3. Thank God furlough has ended. Now give businesses the freedom to employ
Annabel Denham for The Daily Telegraph
on becoming ‘risk allergic’
At one point, close to nine million people were on the furlough scheme, making it “one of the largest interventions that the UK government has launched in any crisis, ever”, writes Annabel Denham in The Daily Telegraph. Few disagree that the decision to nationalise the workforce “was the right medicine in the pandemonium of March 2020”, she says. “But as the months wore on, it became harder and harder to justify.” The longer workers were furloughed, the more we became “risk allergic” to jobs being lost; “we ignored that jobs disappear all the time, even without pandemics”. When furlough eventually winds up, there will “regrettably” be an increase in unemployment – but “this will likely be less than was once feared”. “Protecting jobs was core to Rishi Sunak’s pandemic strategy,” Denham concludes, but “it’s not a job the government can do forever”.
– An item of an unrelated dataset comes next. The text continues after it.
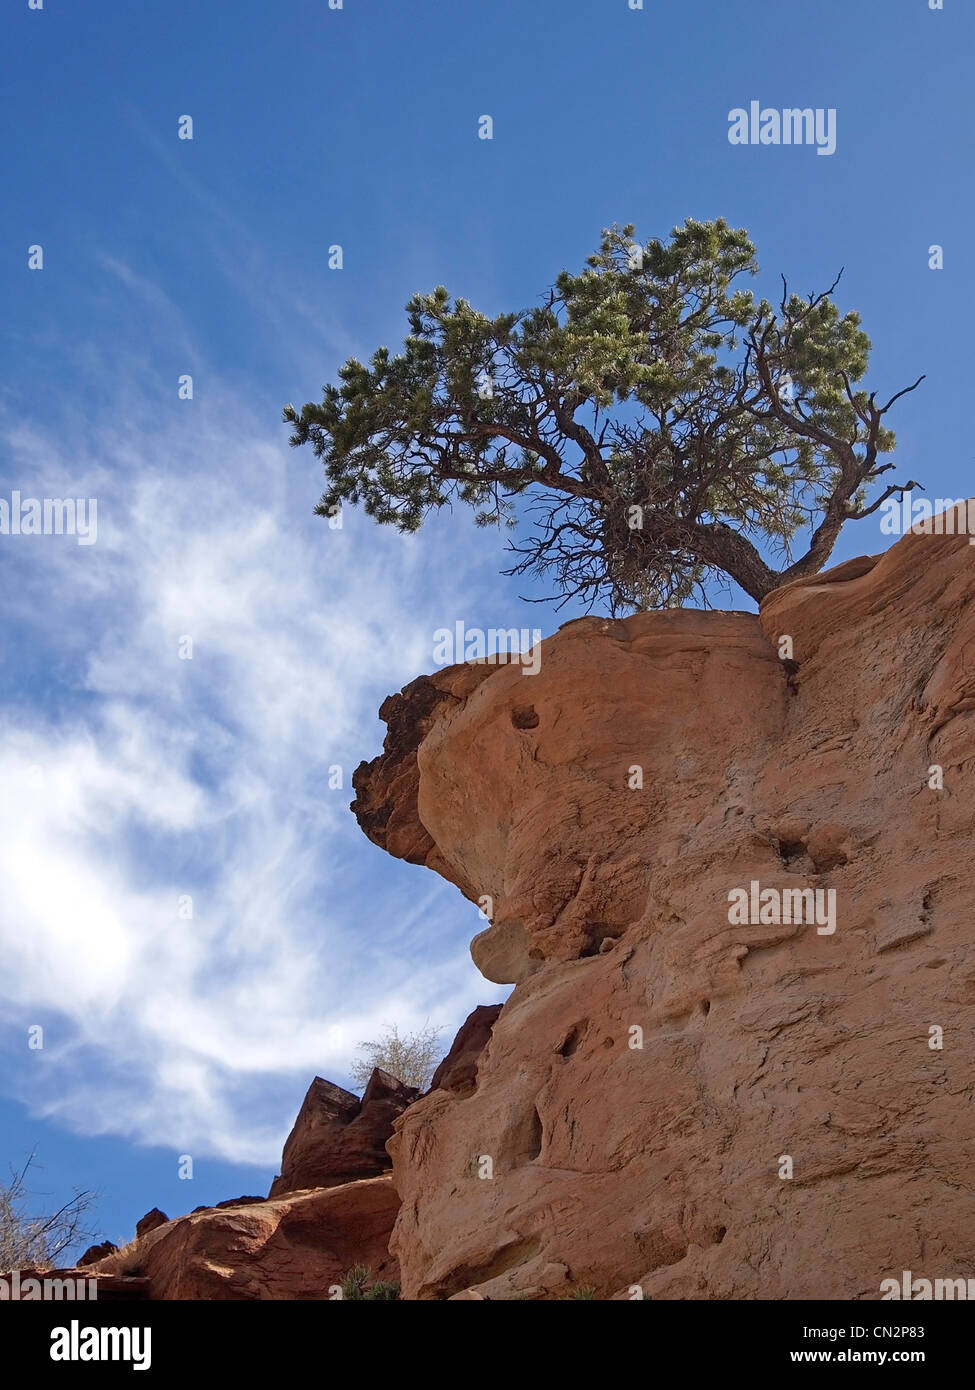 Un piccolo pinyon pine tree sul bordo di una scogliera nel deserto. Foto Stock

4. Hire ex-offenders to help society and the economy
John Timpson for The Times
on the upside of ex-cons
John Timpson welcomes news that Dominic Raab is encouraging bosses to employ ex-prisoners because “if this represents a permanent shift in attitude it will significantly reduce the number of prisoners who reoffend and will cut the vast cost of our prosecution and prison service”. Writing for The Times, Timpson, whose shoe-repair and key-cutting chain started recruiting ex-offenders 20 years ago, points out that more than 60% of prison leavers reoffend within two years of release, a figure that falls to under 20% for those with a job. “We use the same criteria as for all other applicants: we pick them on their personality,” he writes, adding: “Drug dealers are often successful: they are very commercial!” He calls for more employers to follow his lead. “Ex-offenders can only get a job with most companies if they lie on their application form,” he says, but “if employers think ex-cons can help with the current crisis, and beyond, they should scrap for good their insistence on a clean criminal record”.
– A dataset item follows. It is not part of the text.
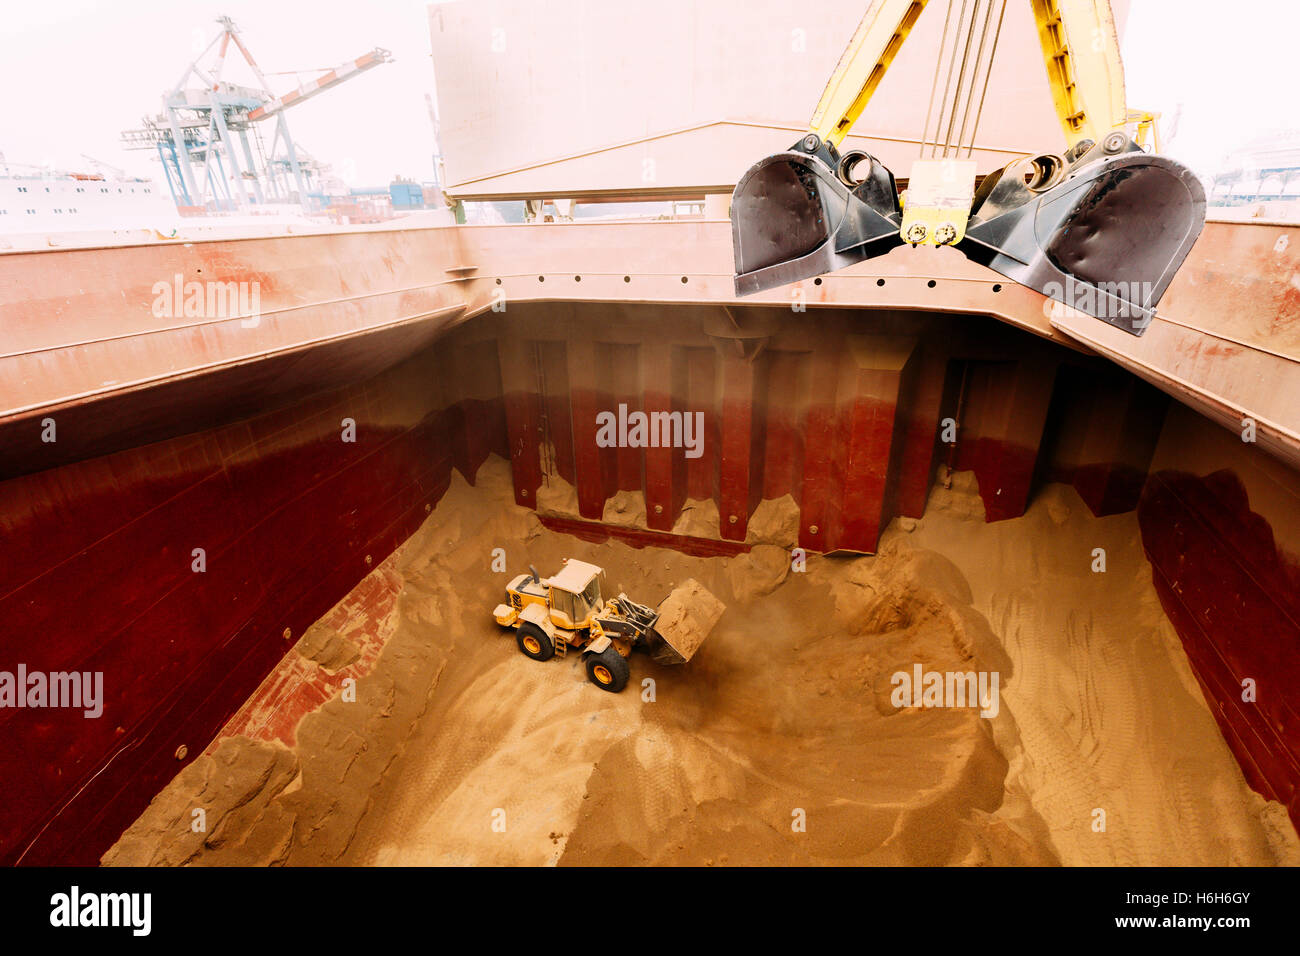 Ein Bagger, Vermittlung von Gluten in der Grube ein Korn-Frachter Schiff für einen leichteren Zugang für die Maschinen, die Emptyi sind Stockfoto

5. Britney Spears’ bid for freedom comes at a crucial moment
Nicole Hemmer for CNN
on the right to body autonomy
A judge’s decision this week to remove Britney Spears’ father, Jamie, from the decades-long conservatorship that has controlled nearly everything – from her movements to her healthcare decisions – has brought the pop star “a step closer to regaining her freedom”, writes Nicole Hemmer on CNN. But this move “isn’t the end of the conservatorship” and even ending it “will not make Britney Spears whole”, she adds. For more than ten years, Spears has been denied “the most personal of all freedoms: the freedom to choose to have children”. Sadly she’s not alone. “Women in the United States do not have, and have never had, full reproductive autonomy,” Hemmer says. “Spears’s struggle helps highlight the moral catastrophe of those limitations, especially at a moment when women’s reproductive rights are under renewed attack.” The attention being paid to Spears’ conservatorship case “is happening at a crucial moment”: “seeing a woman being freed from the control of her father, and slowly regaining full autonomy over her own life and body, is a reminder of why all women deserve the right to control their lives as well”.